**Available data:**
* * *

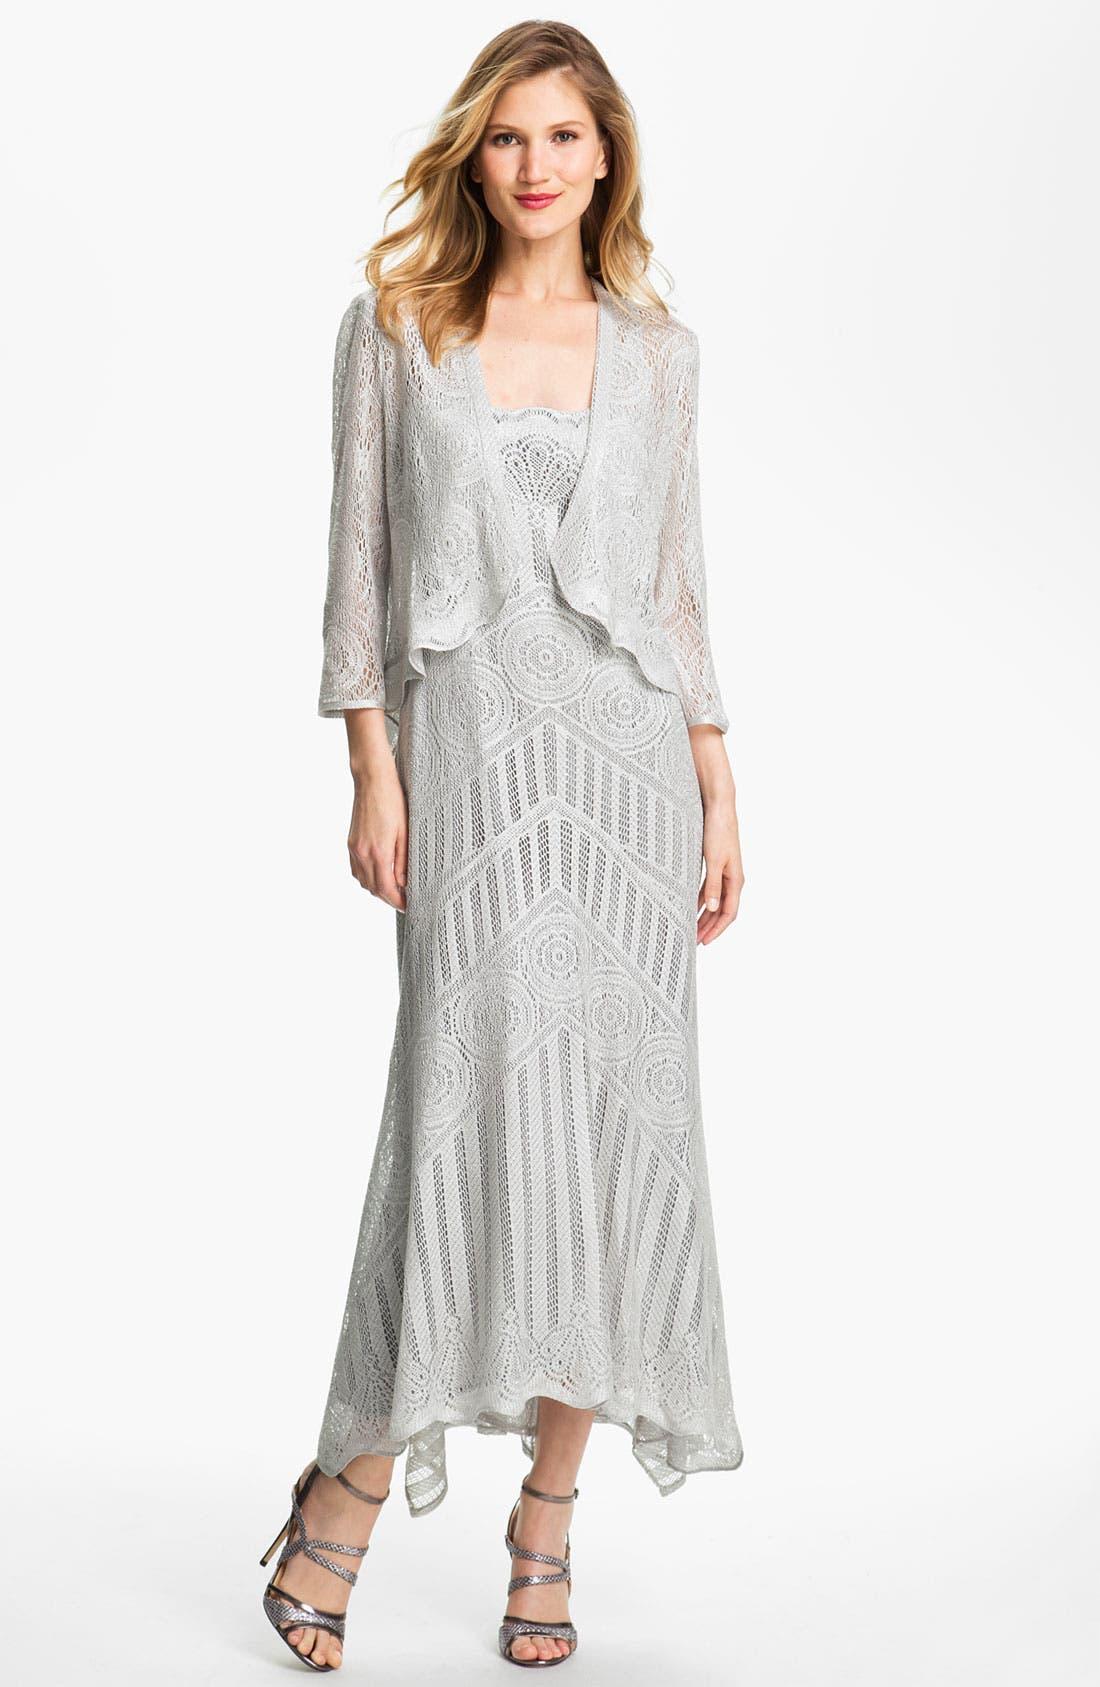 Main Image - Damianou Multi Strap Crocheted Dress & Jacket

* * *

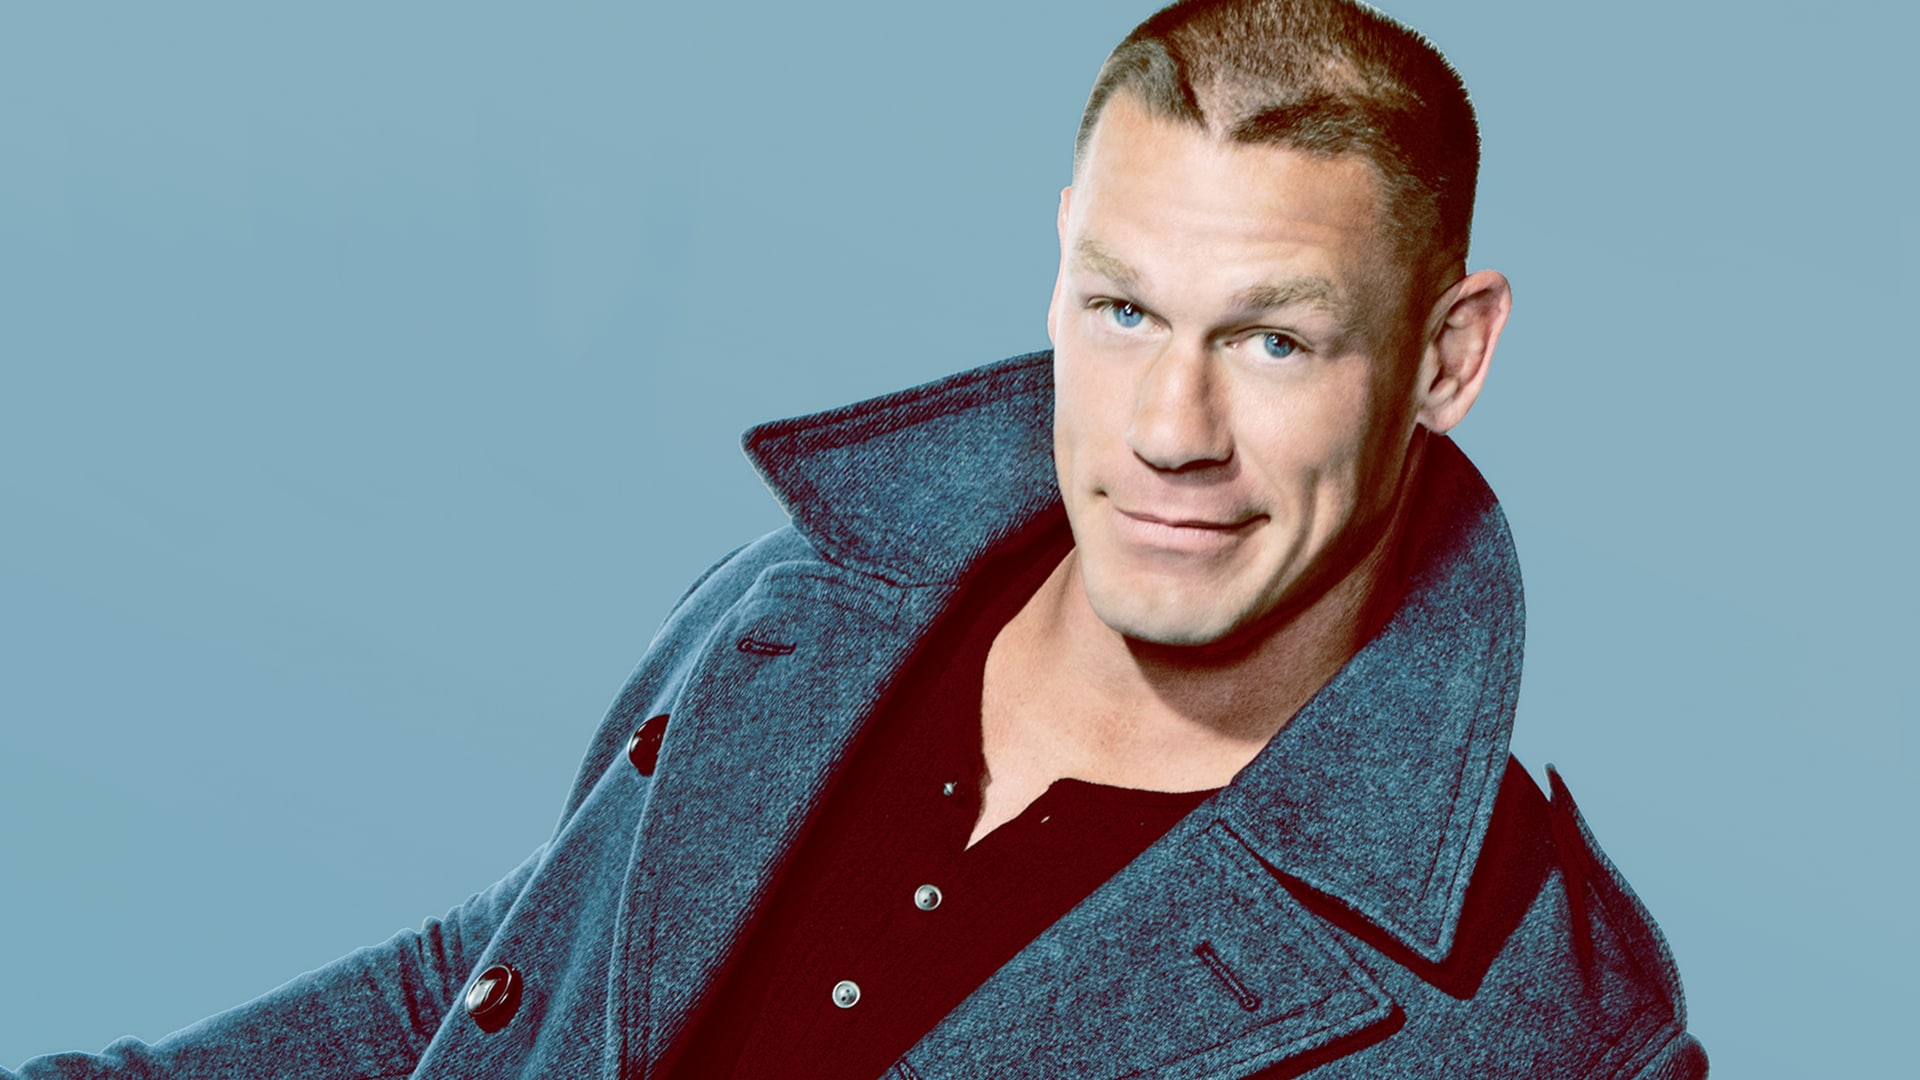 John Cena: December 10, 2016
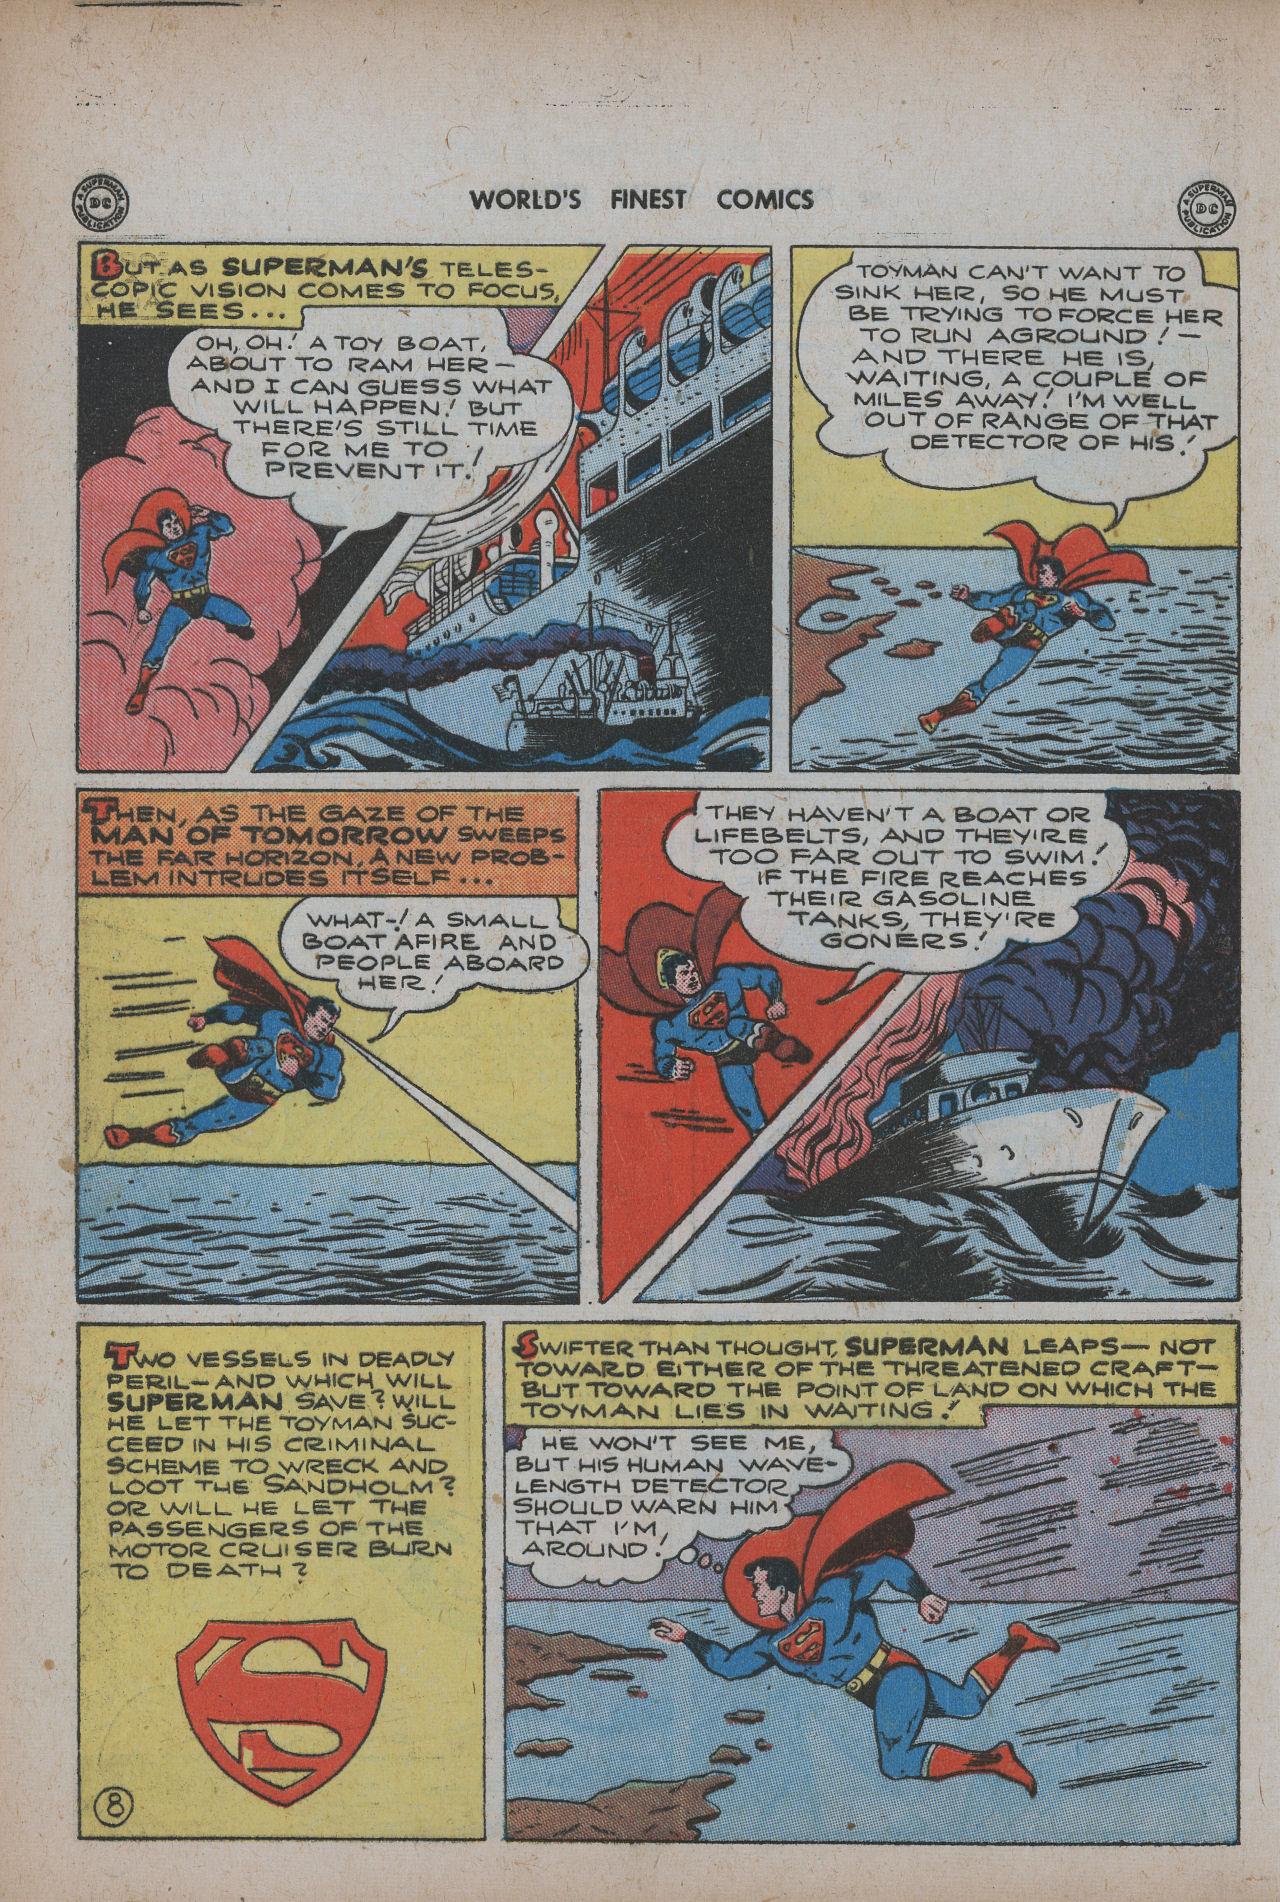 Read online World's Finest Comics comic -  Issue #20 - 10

* * *

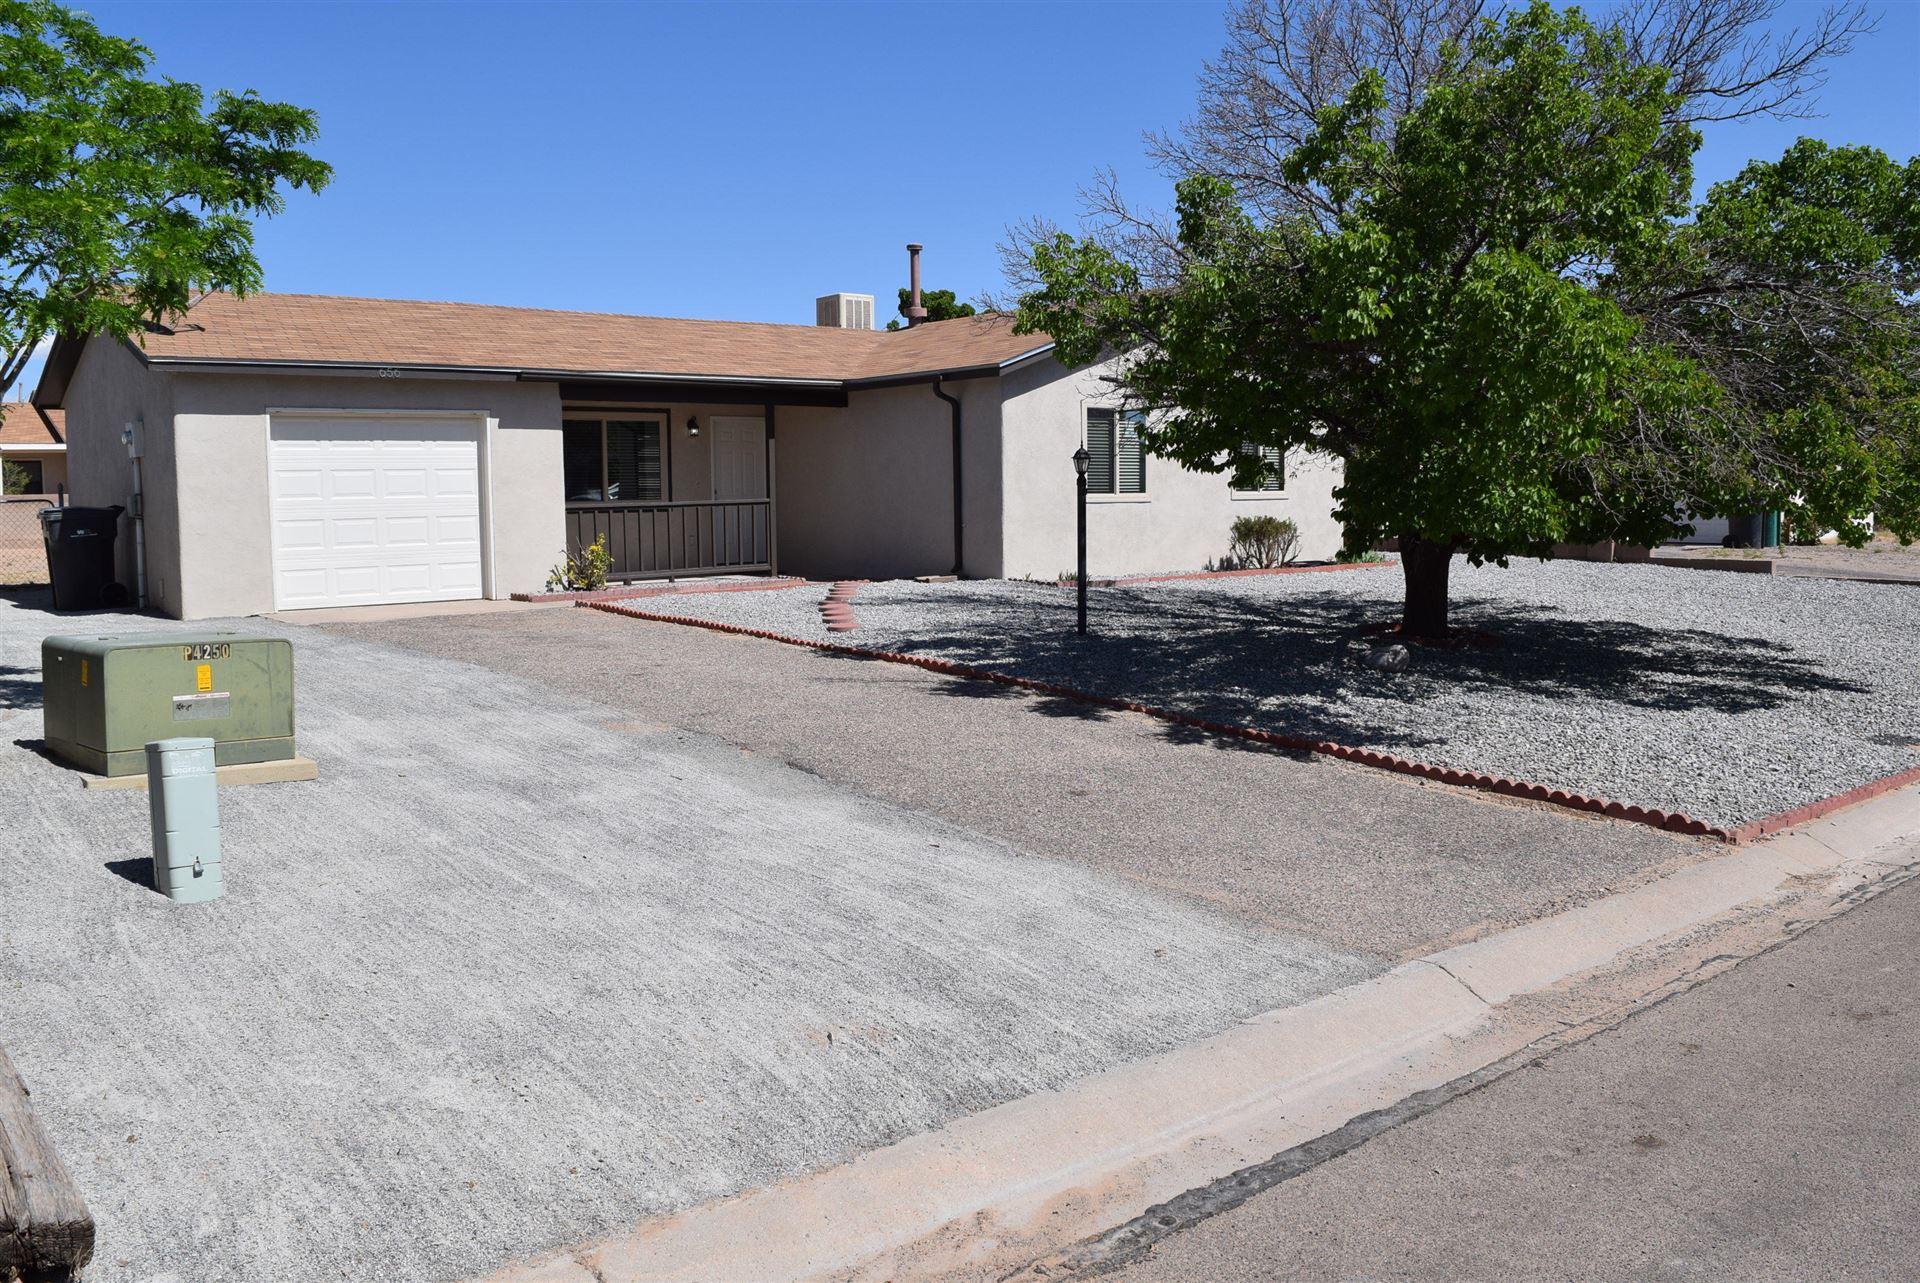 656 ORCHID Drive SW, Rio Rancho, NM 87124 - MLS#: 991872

* * *

Print, exactly and with no pictures, the lines of the listing above starting at the one that has "John Cena: December 10, 2016" and ending at the one that has "Read online World's", both included.

**Problem solution:**
 John Cena: December 10, 2016
 Read online World's Finest Comics comic -  Issue #20 - 10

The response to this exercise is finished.